_Your goal_.
From the first line below to the last, reproduce the material exactly and leave out the images.

---- Data excerpt

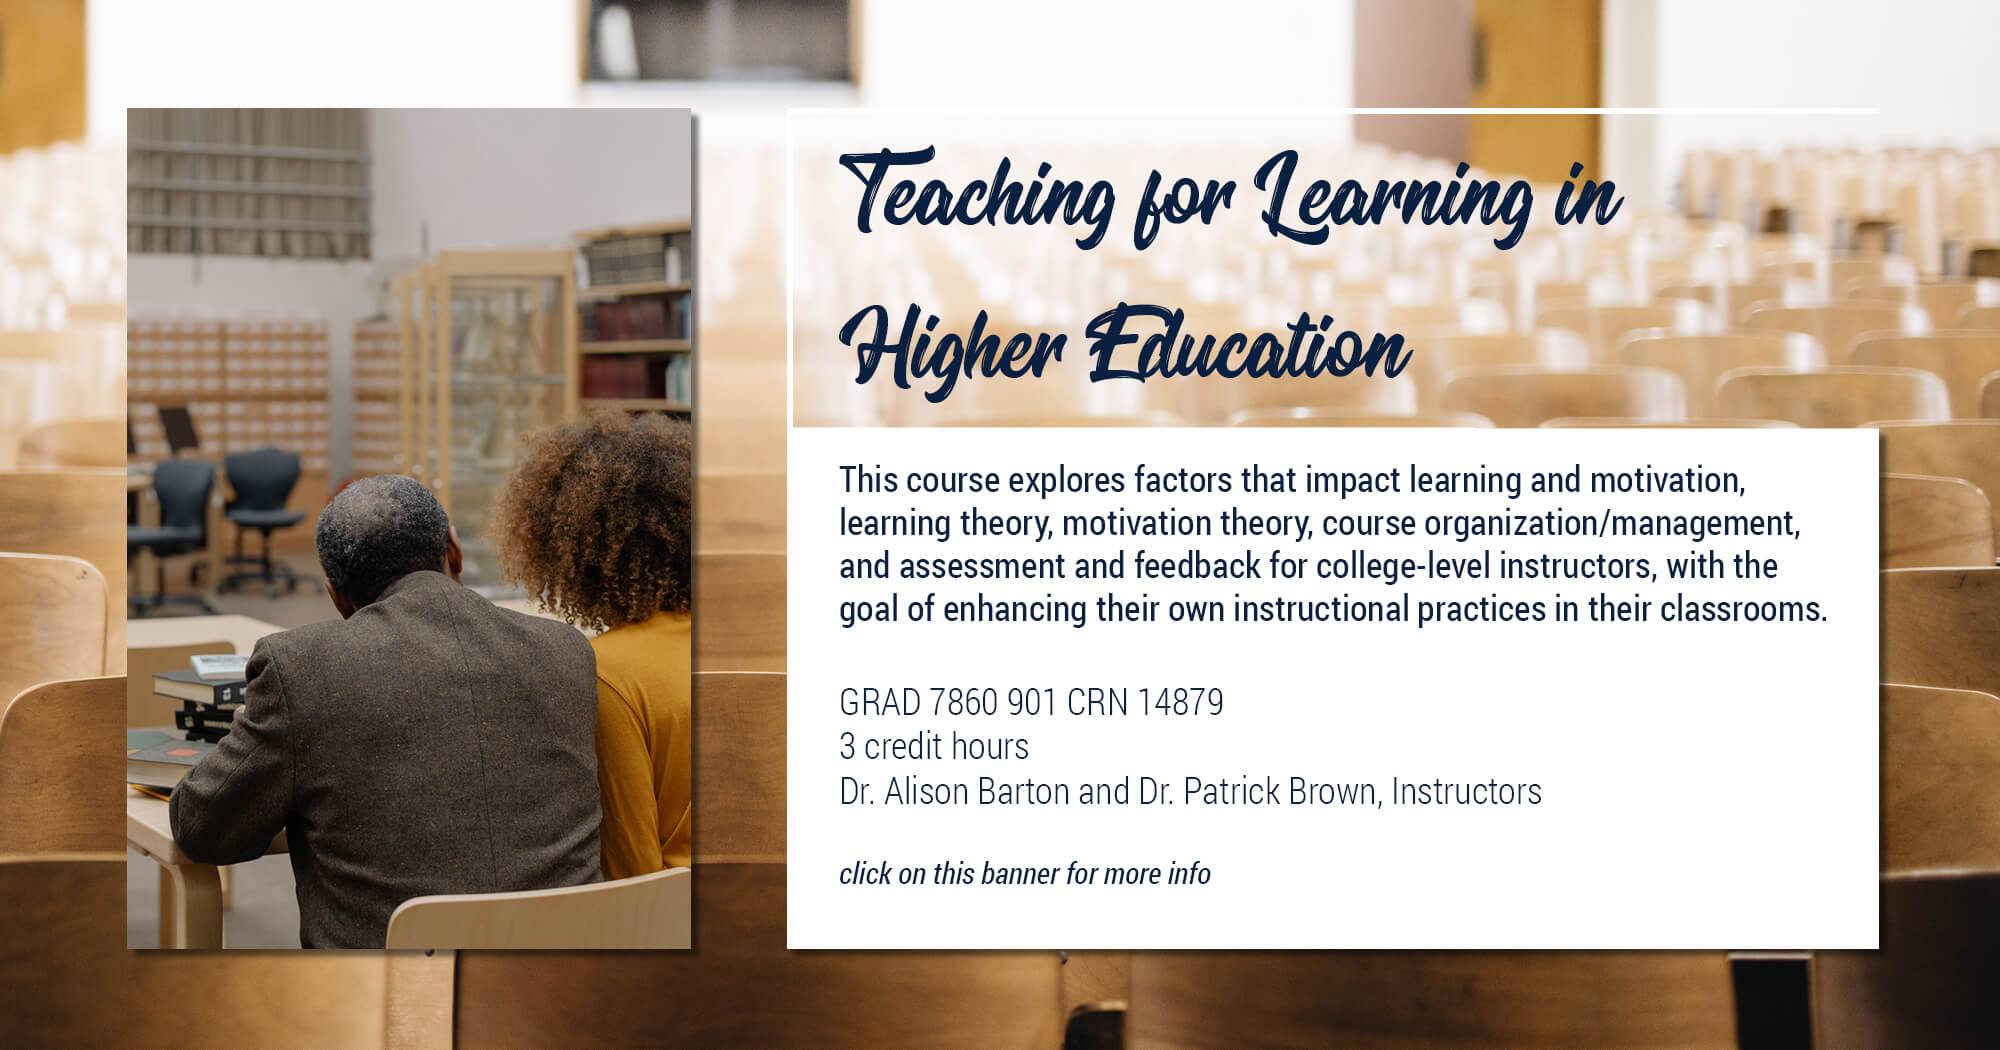 Teaching for Learning in Higher Education
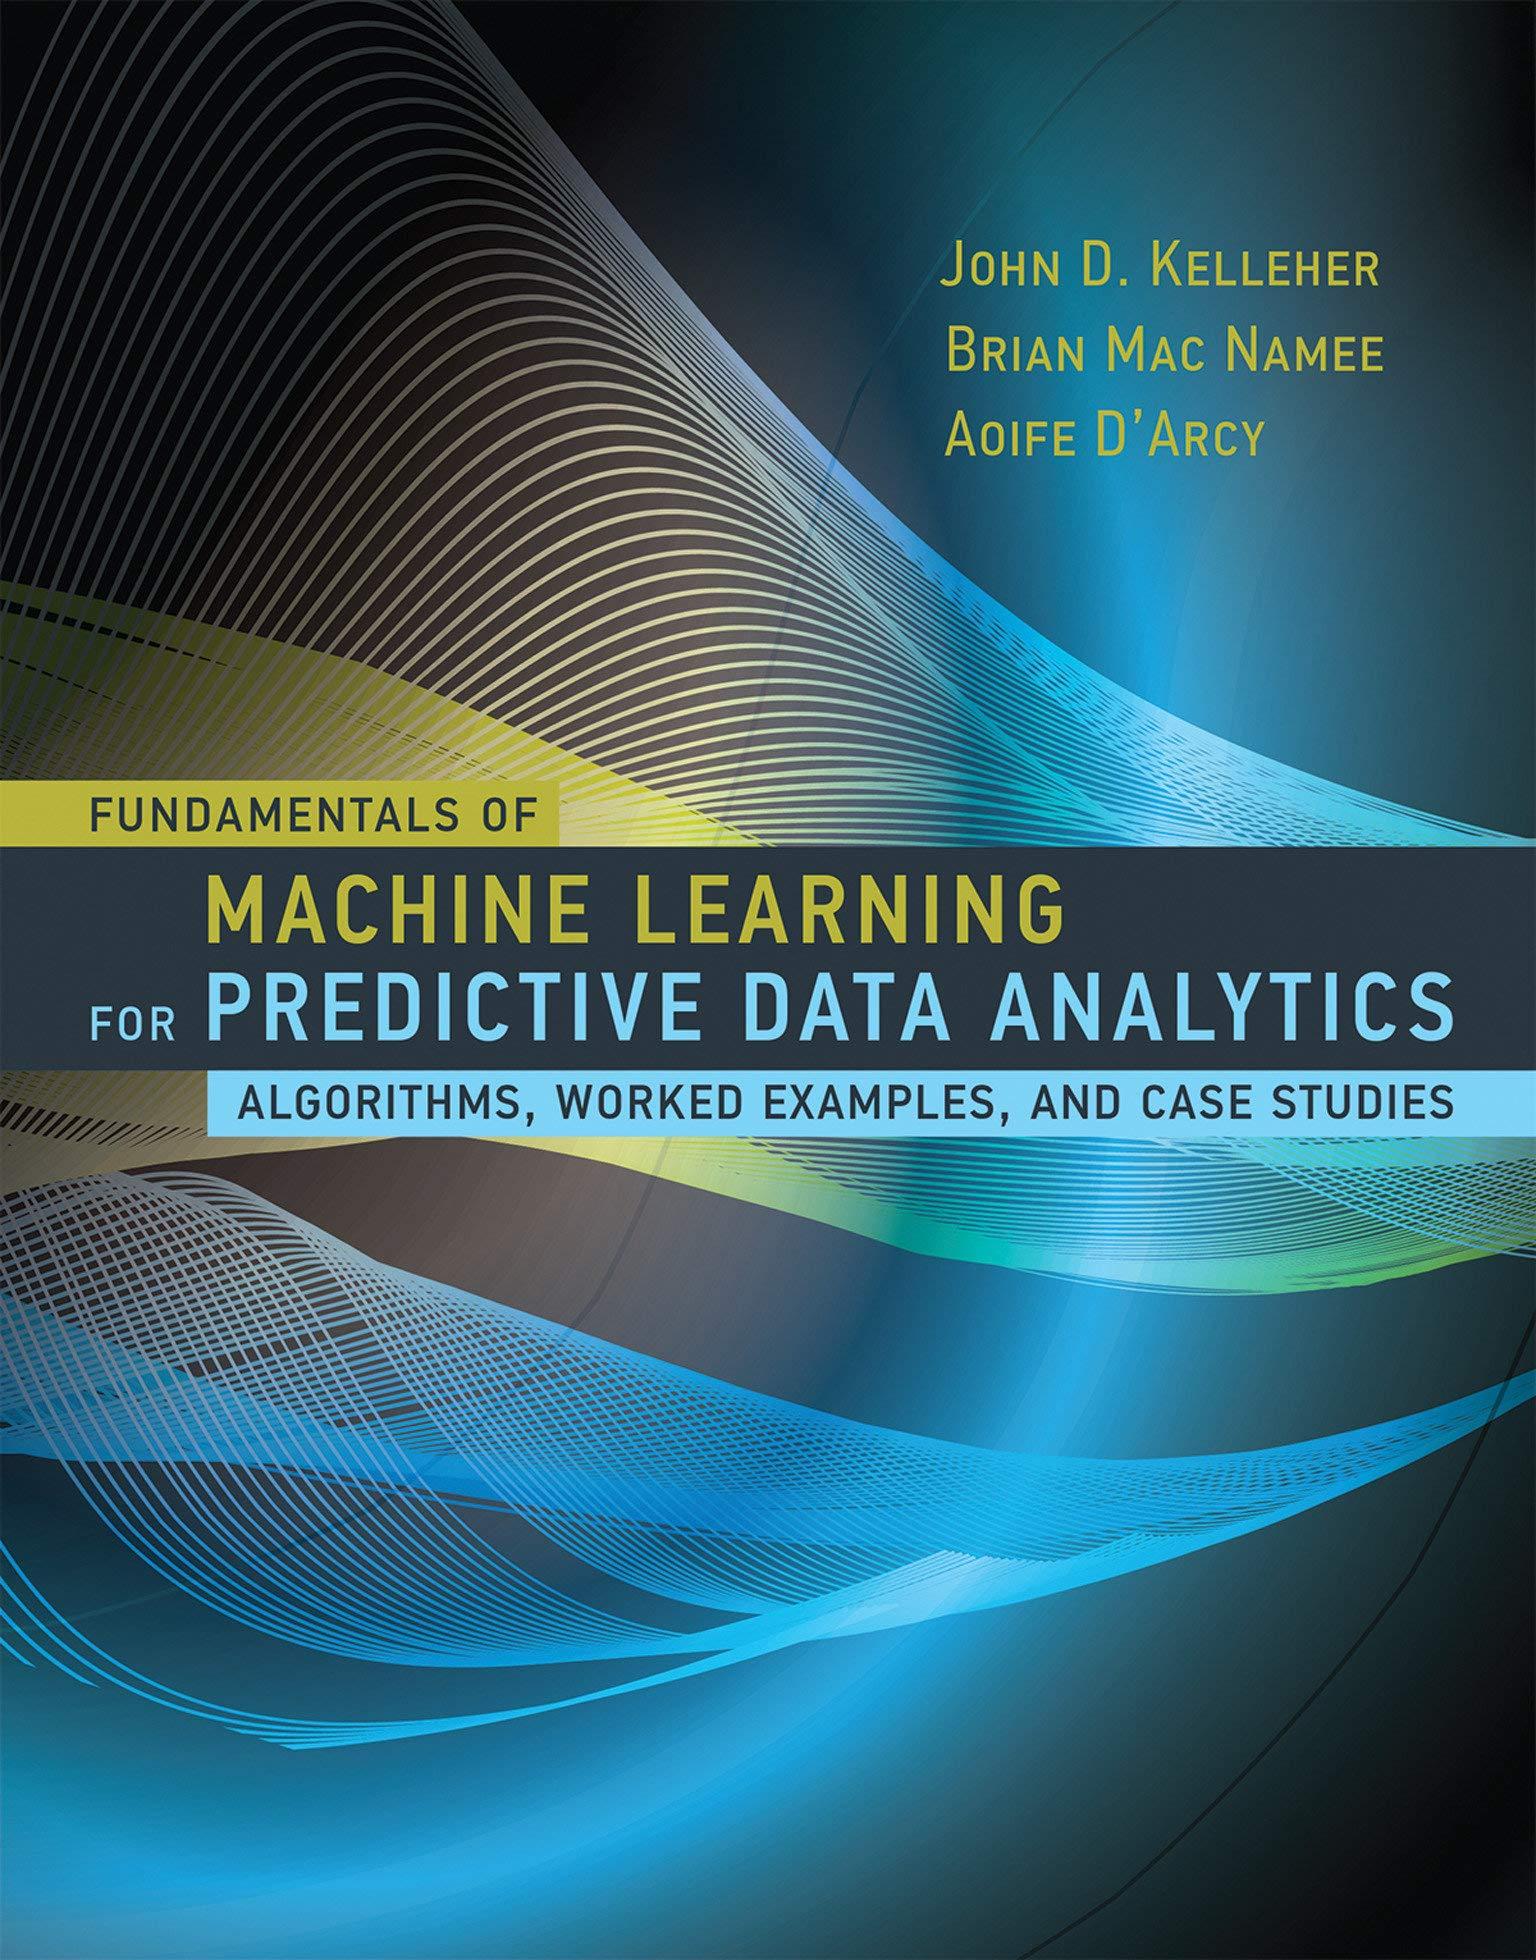 fundamentals of machine learning for predictive data analytics algorithms worked examples and case studies
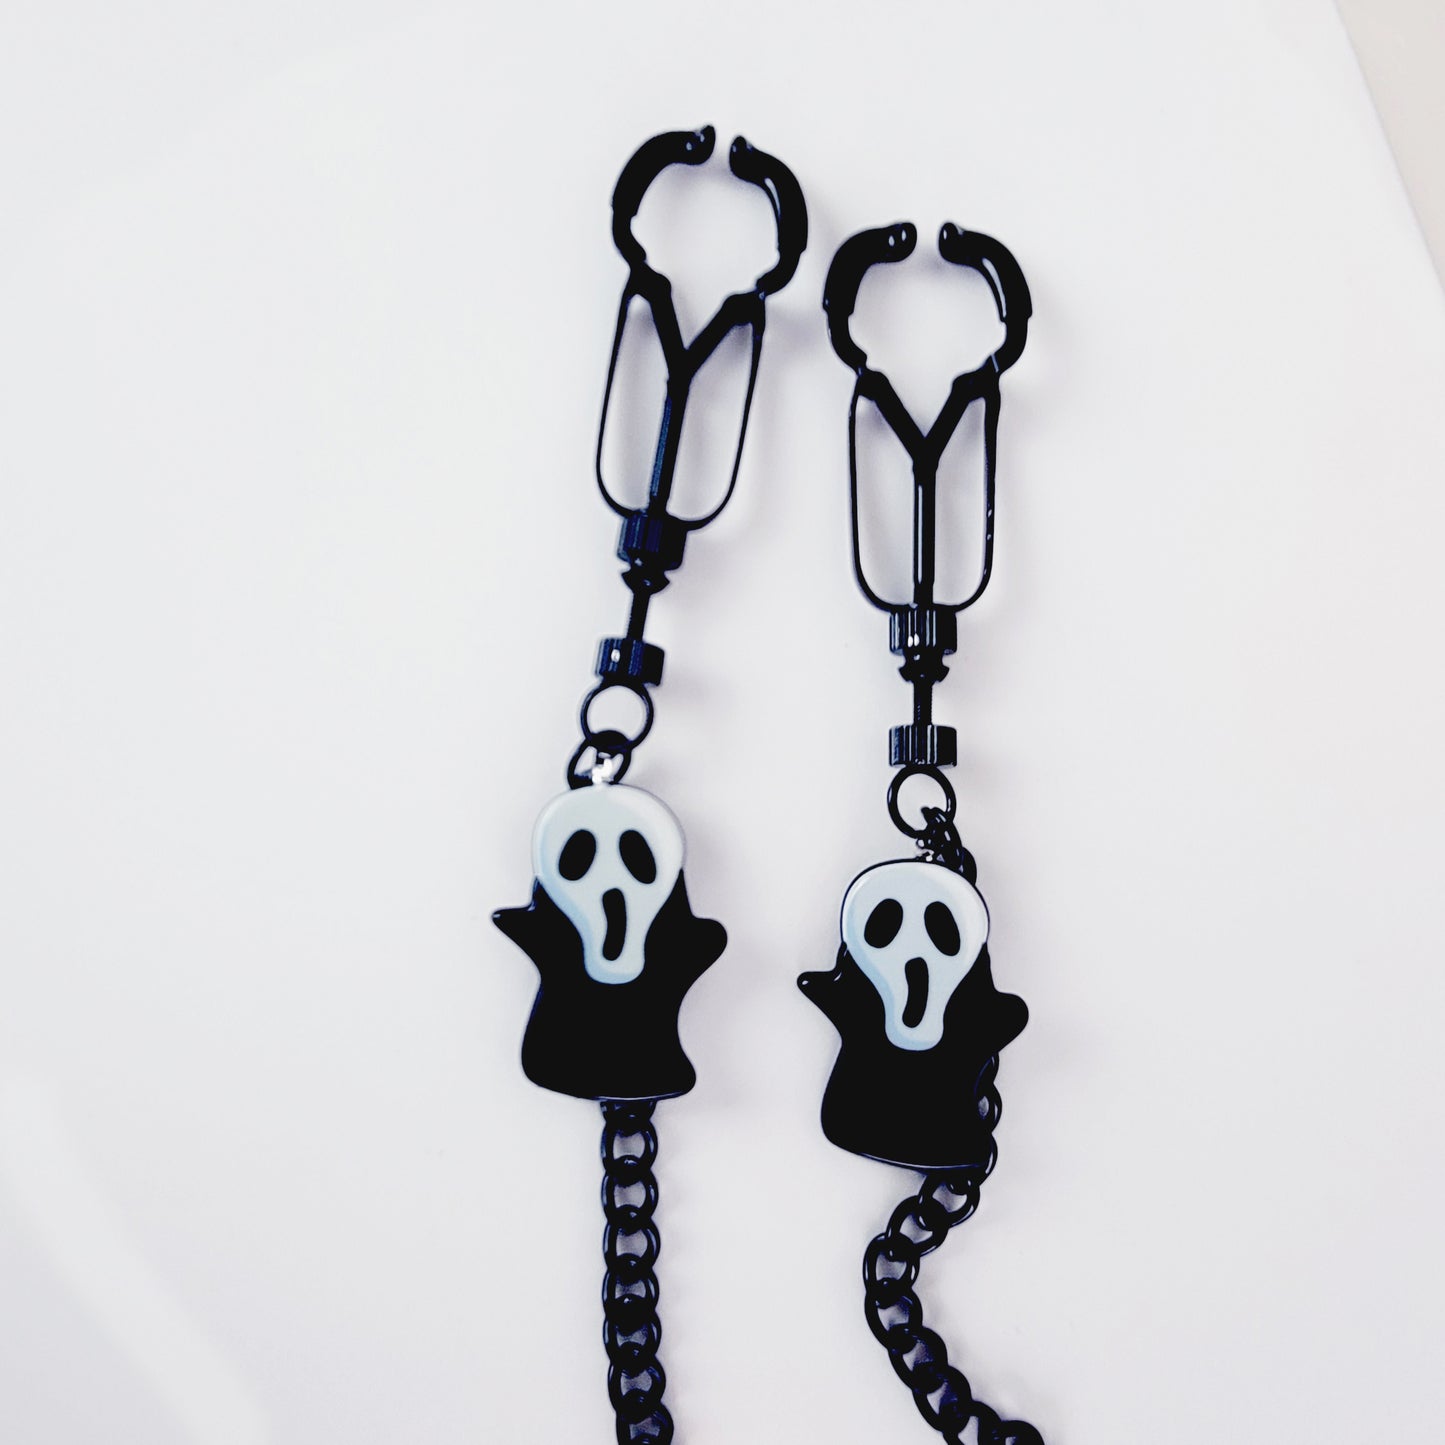 Black Nipple Clamps with Chain attached and Halloween Pendants. Black Beetle Clamps. BDSM, MATURE

--------

_Written solution_.
 Teaching for Learning in Higher Education
 fundamentals of machine learning for predictive data analytics algorithms worked examples and case studies
 Black Nipple Clamps with Chain attached and Halloween Pendants. Black Beetle Clamps. BDSM, MATURE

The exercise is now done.